▶ _Exercise requirements_: I would like the entries transcribed word for word, please, with the pictures removed.

▶ _Extracted material_:

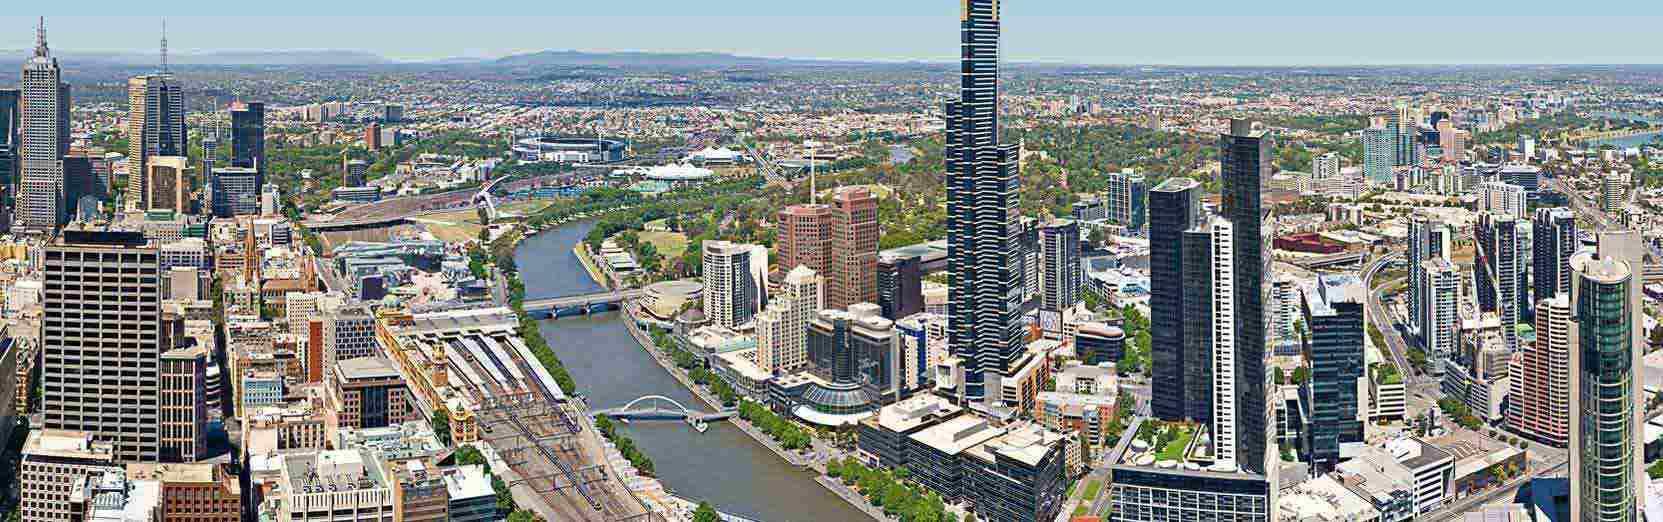 Auto mieten in Melbourne
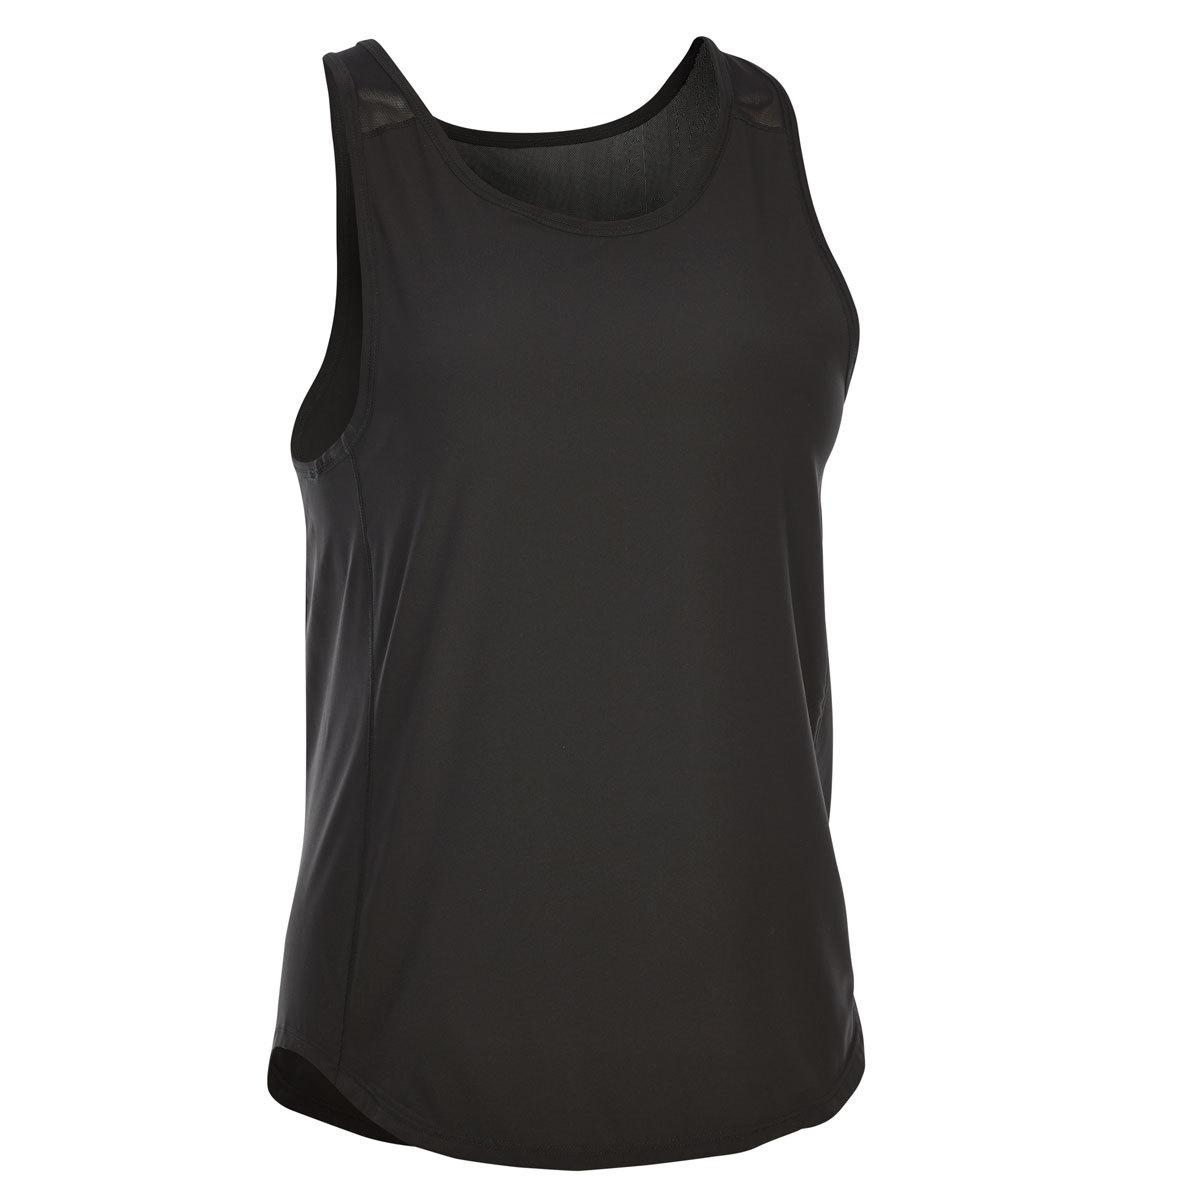 Ems Women's Techwick Lynsey Tank Top - Black, L
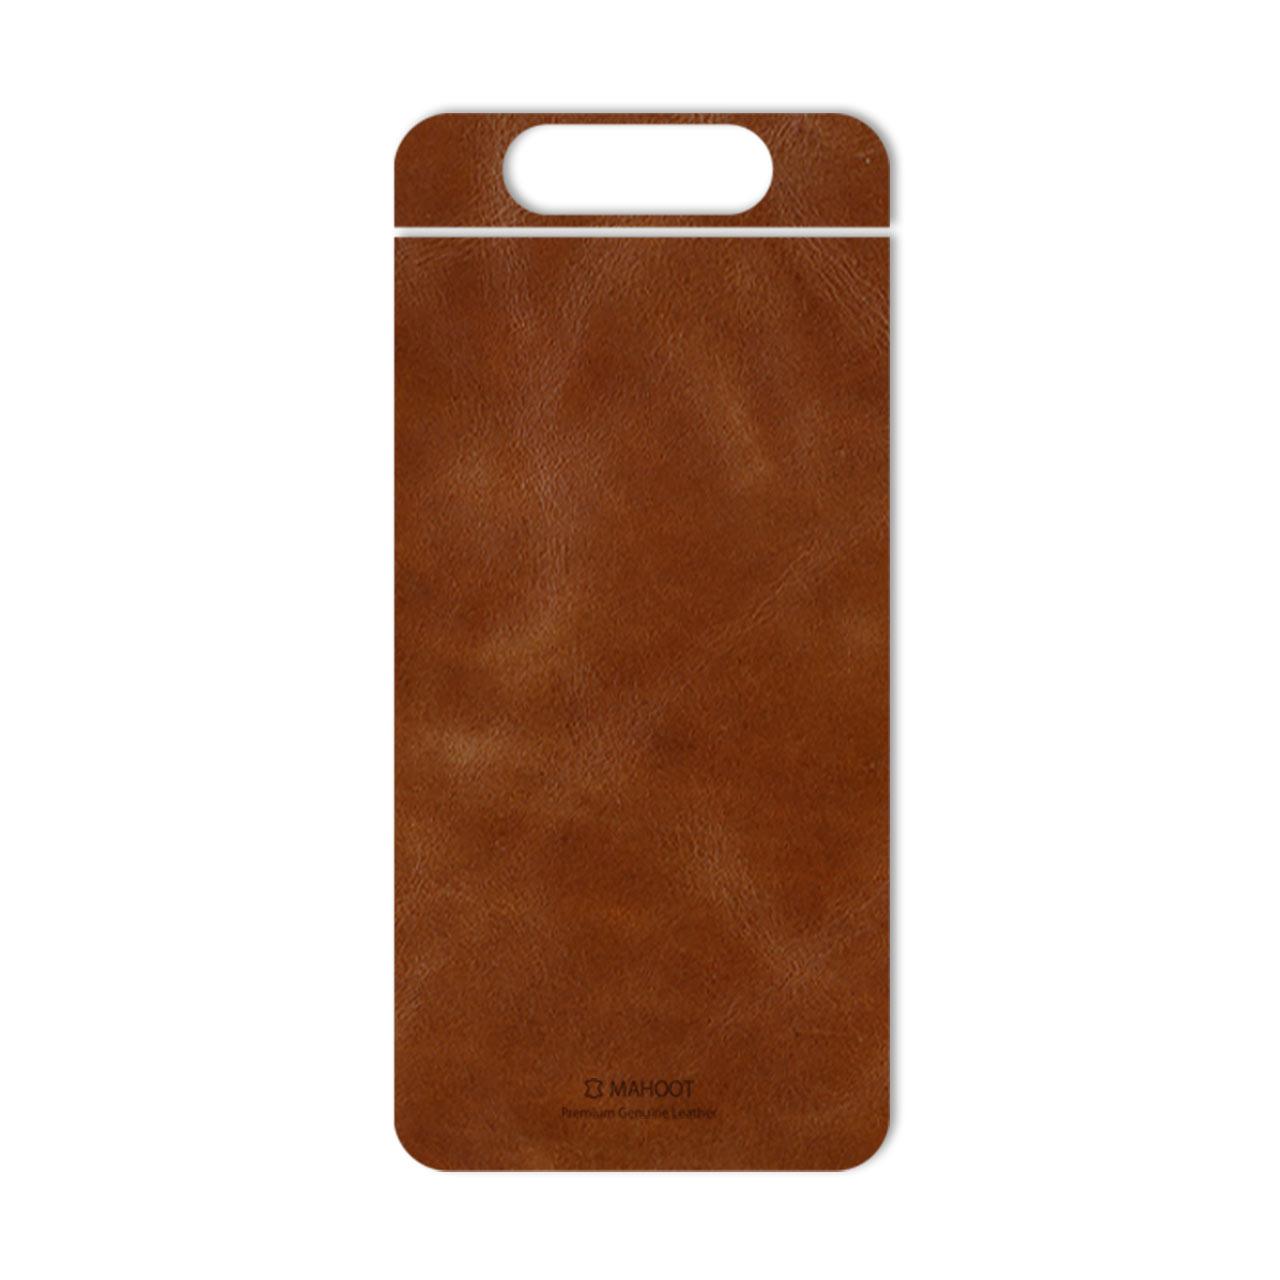 برچسب پوششی ماهوت مدل Buffalo Leather مناسب برای گوشی موبایل سامسونگ Galaxy A80
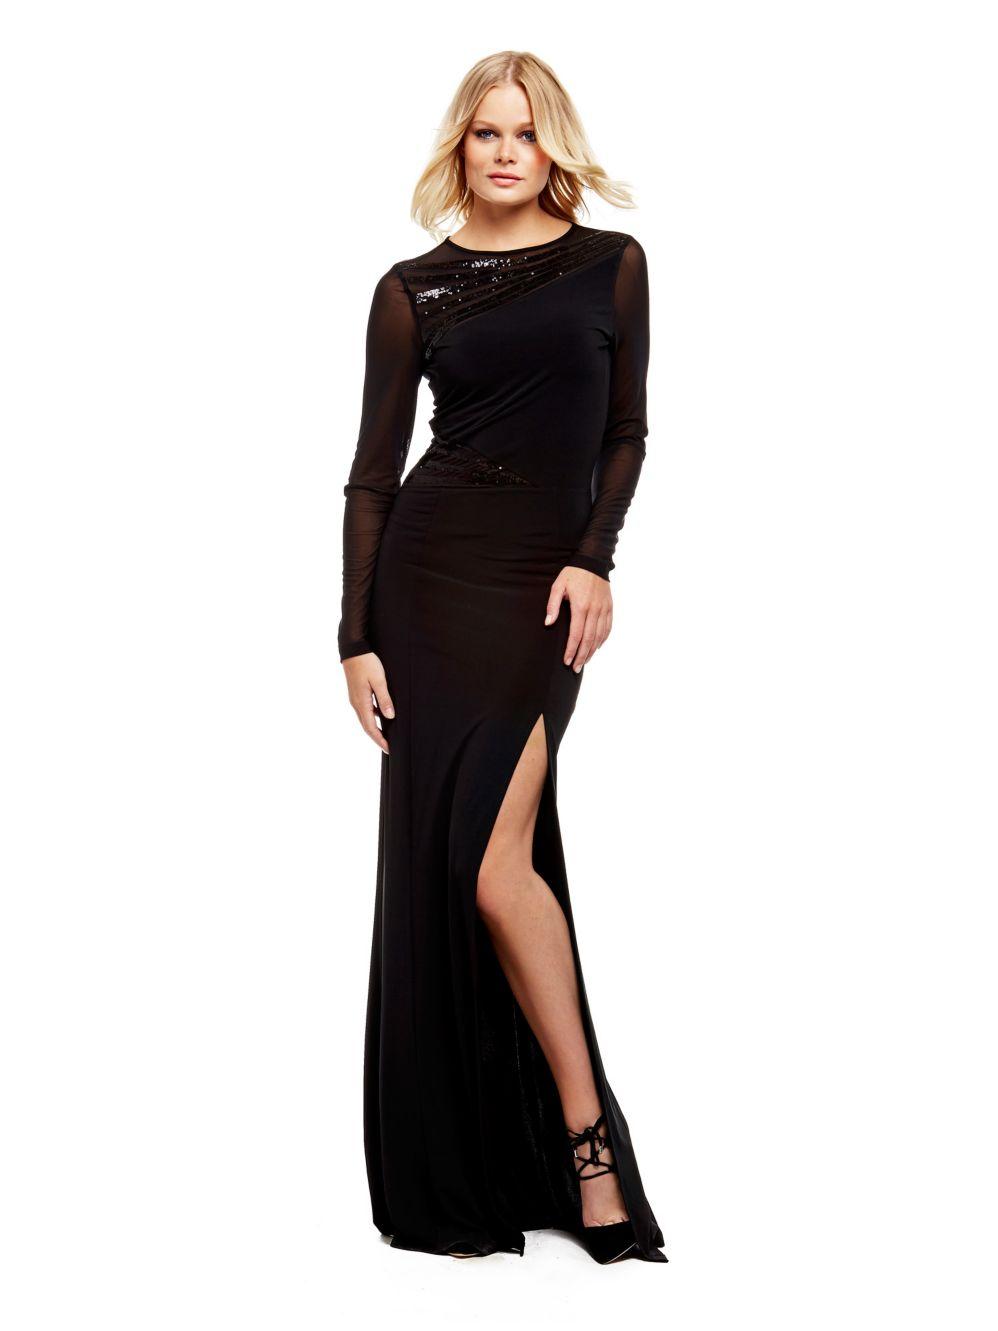 nouveaux prix plus bas livraison rapide styles classiques robe longue guess noire marciano voile transparence et ...
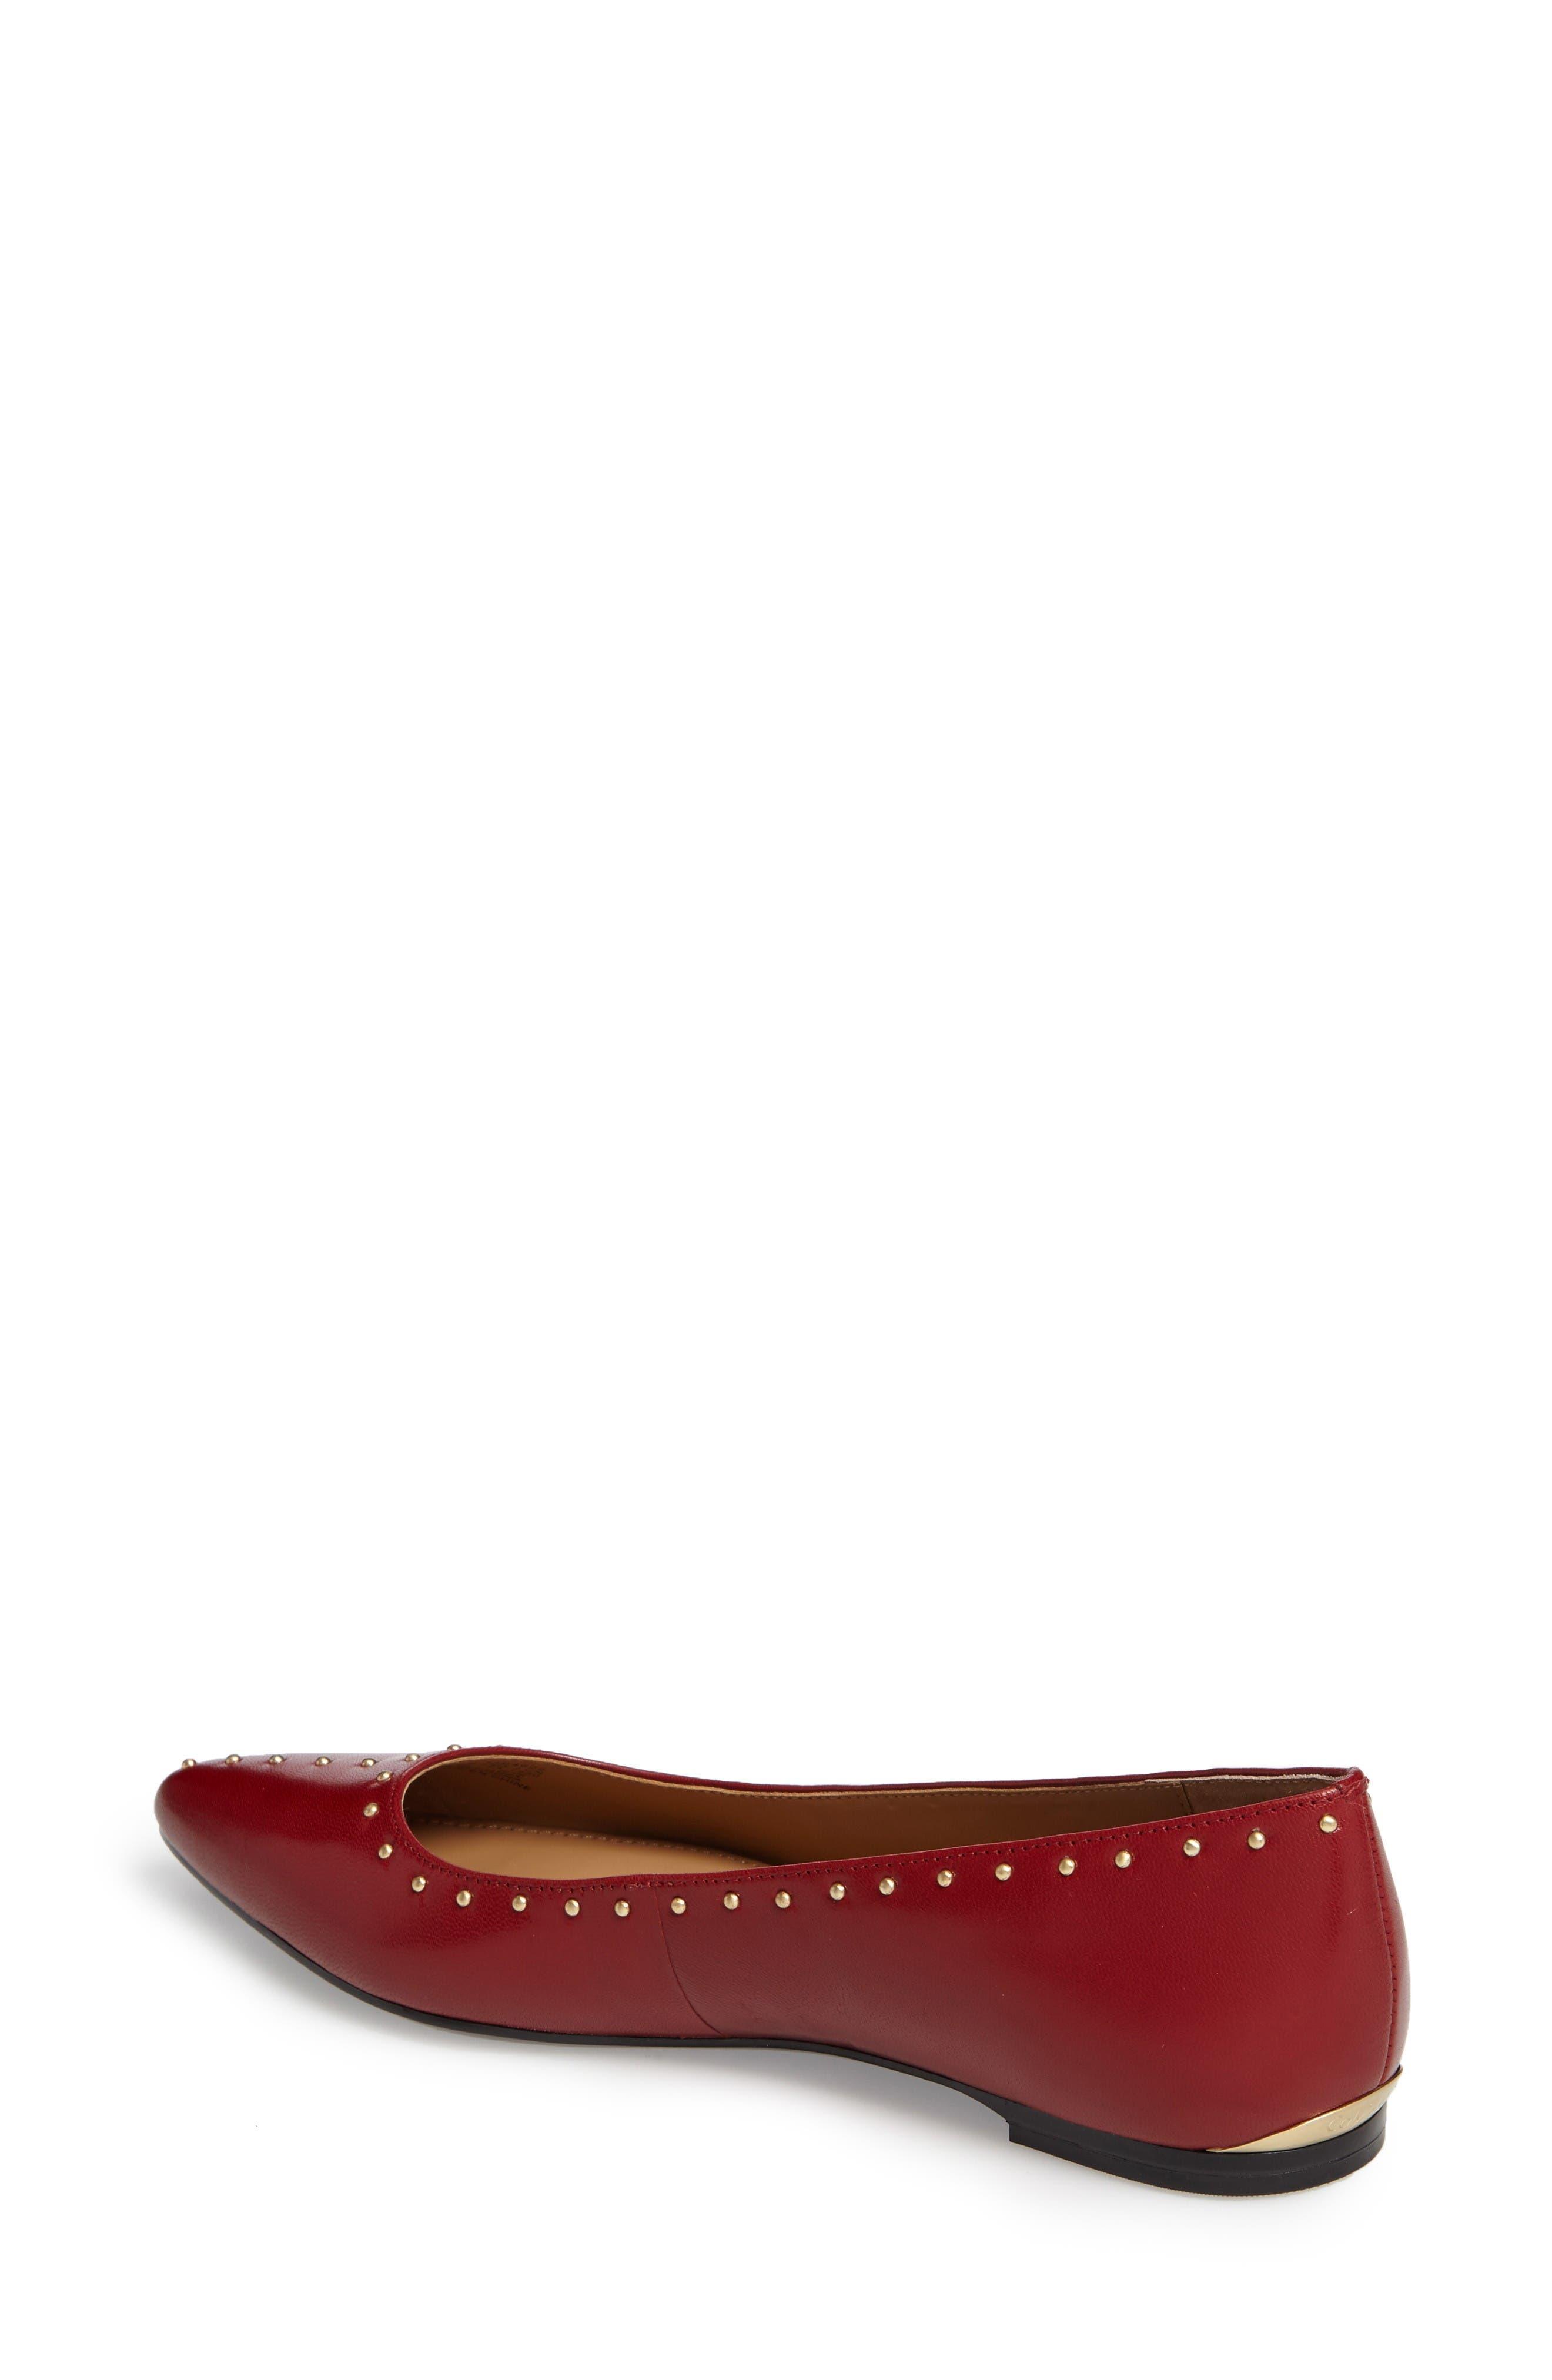 Alternate Image 2  - Calvin Klein Genie Pointy Toe Flat (Women)

▶ _Response_:
 Auto mieten in Melbourne
 Ems Women's Techwick Lynsey Tank Top - Black, L
 برچسب پوششی ماهوت مدل Buffalo Leather مناسب برای گوشی موبایل سامسونگ Galaxy A80
 nouveaux prix plus bas livraison rapide styles classiques robe longue guess noire marciano voile transparence et ...
 Alternate Image 2  - Calvin Klein Genie Pointy Toe Flat (Women)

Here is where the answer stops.